Format: `{version}{request_id}{op}{processor}{args}`
Where:
- `{version}` is a `Byte` representing the specification version, with the most significant bit set to one. For this
version of the format, the value expected is `0x81` (`10000001`).
- `{request_id}` is a `UUID`.
- `{op}` is a `String`.
- `{processor}` is a `String`.
- `{args}` is a `Map`.
The total length is not part of the message as the transport layer will provide it. For example: WebSockets,
as a framing protocol, defines payload length.
==== Response Message
Format: `{version}{request_id}{status_code}{status_message}{status_attributes}{result_meta}{result_data}`
Where:
- `{version}` is a `Byte` representing the protocol version, with the most significant bit set to one. For this version
of the protocol, the value expected is `0x81` (`10000001`).
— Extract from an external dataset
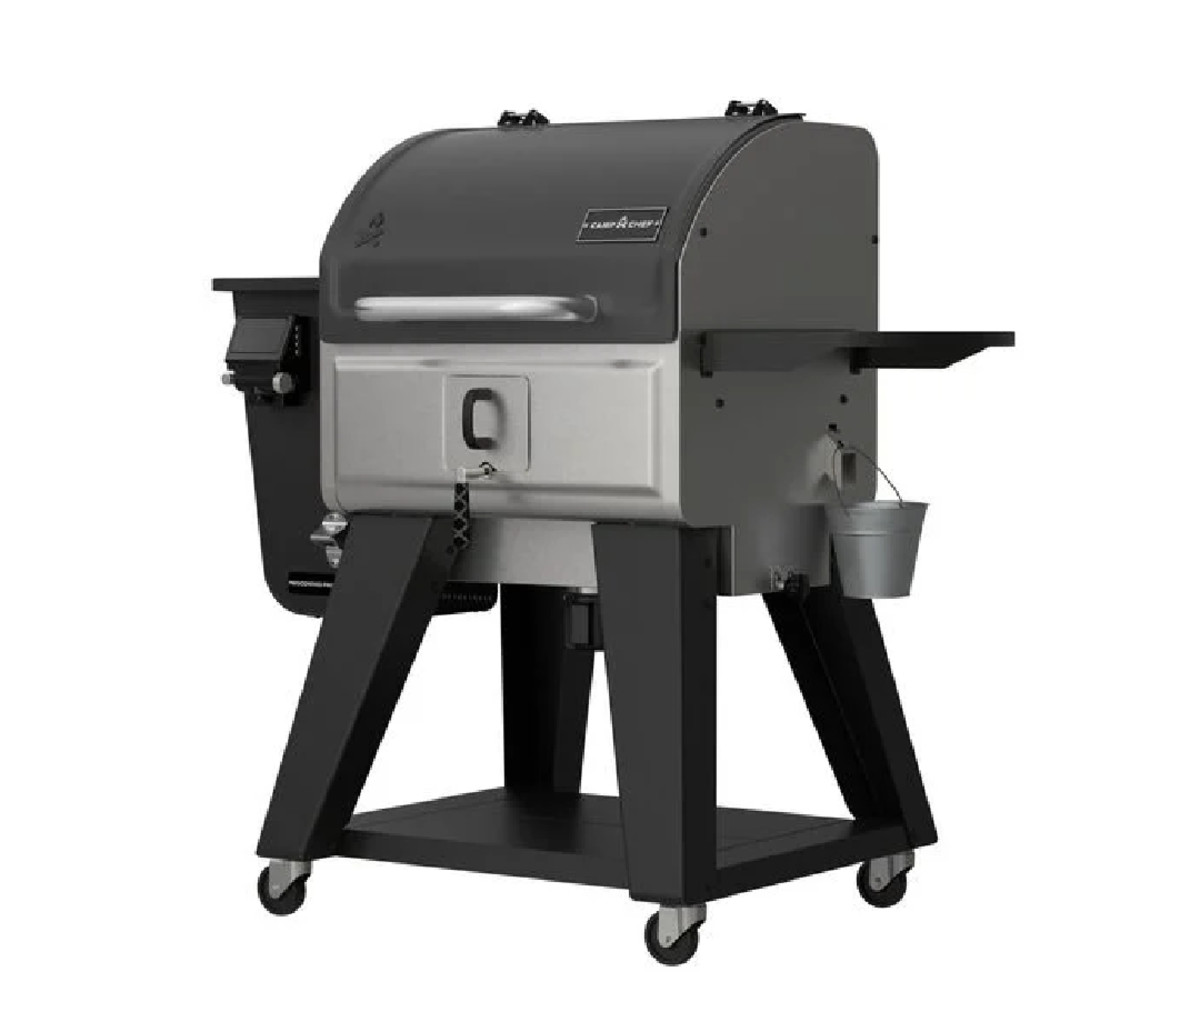 5 Great Grills, Smokers and Pizza Ovens For Backyard Cooking - Men's Journal
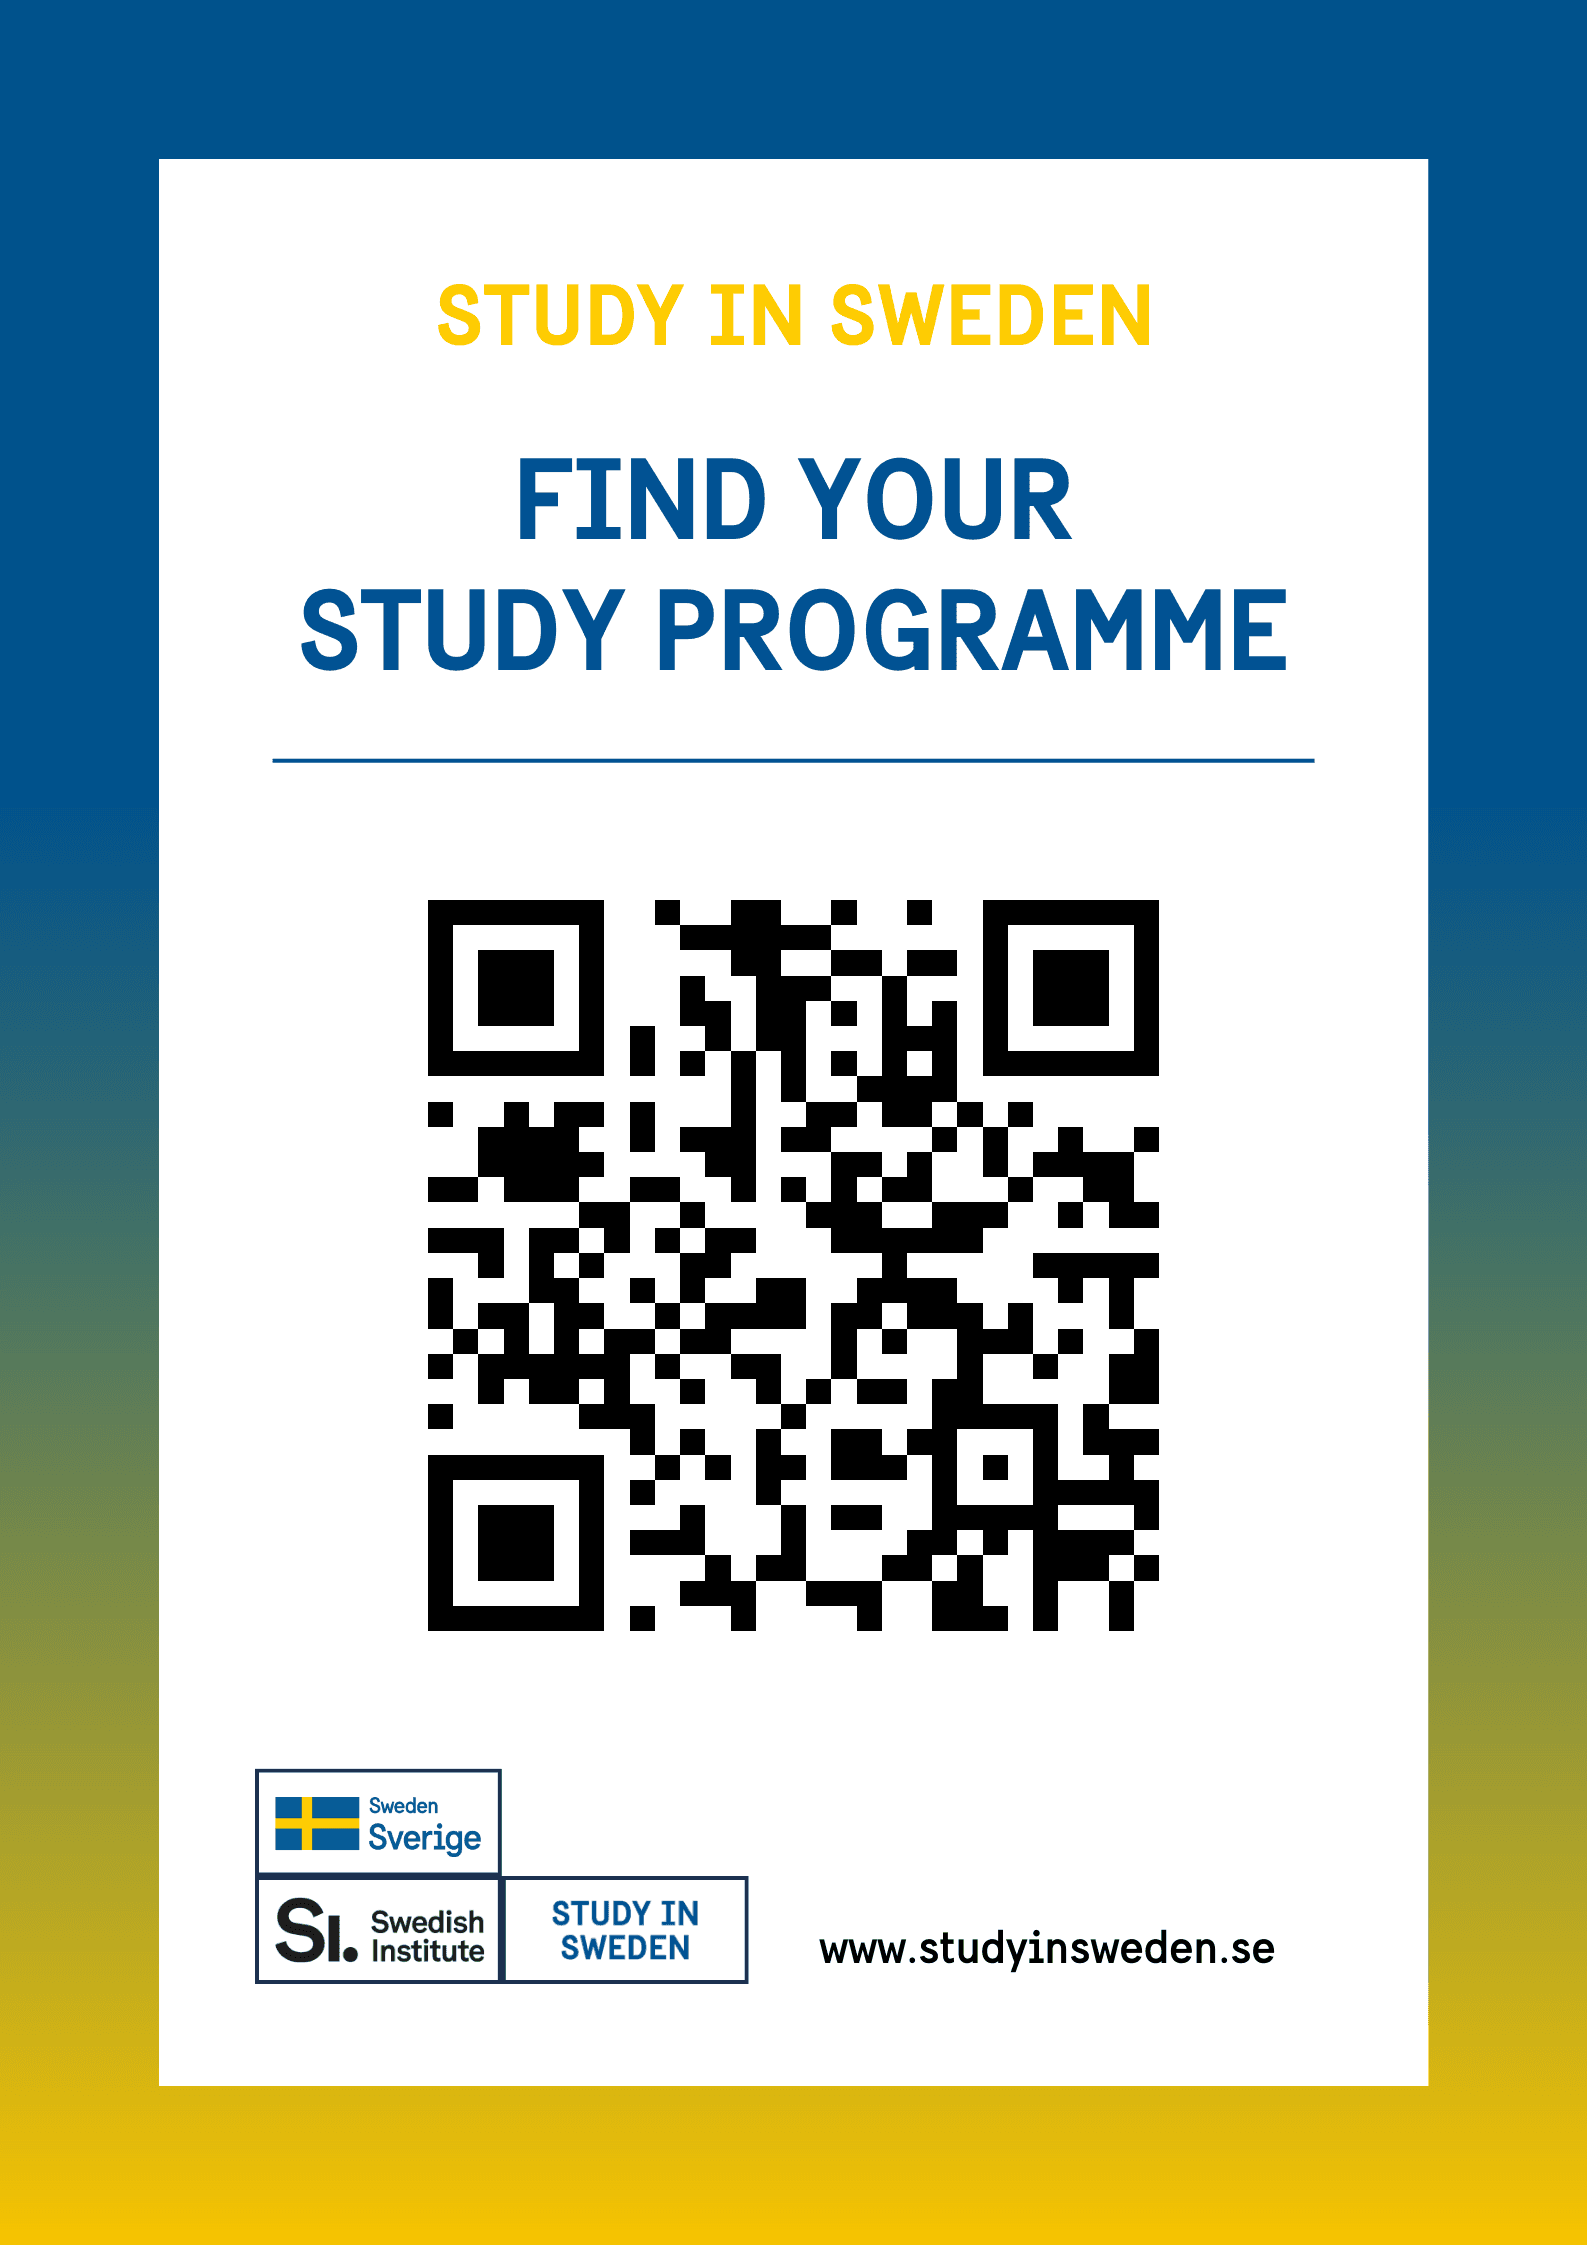 Find your study programme

- `{request_id}` is a nullable `UUID`.
- `{status_code}` is an `Int`.
- `{status_message}` is a nullable `String`.
- `{status_attributes}` is a `Map`.
- `{result_meta}` is a `Map`.
- `{result_data}` is a fully qualified typed value composed of `{type_code}{type_info}{value_flag}{value}`.
The total length is not part of the message as the transport layer will provide it.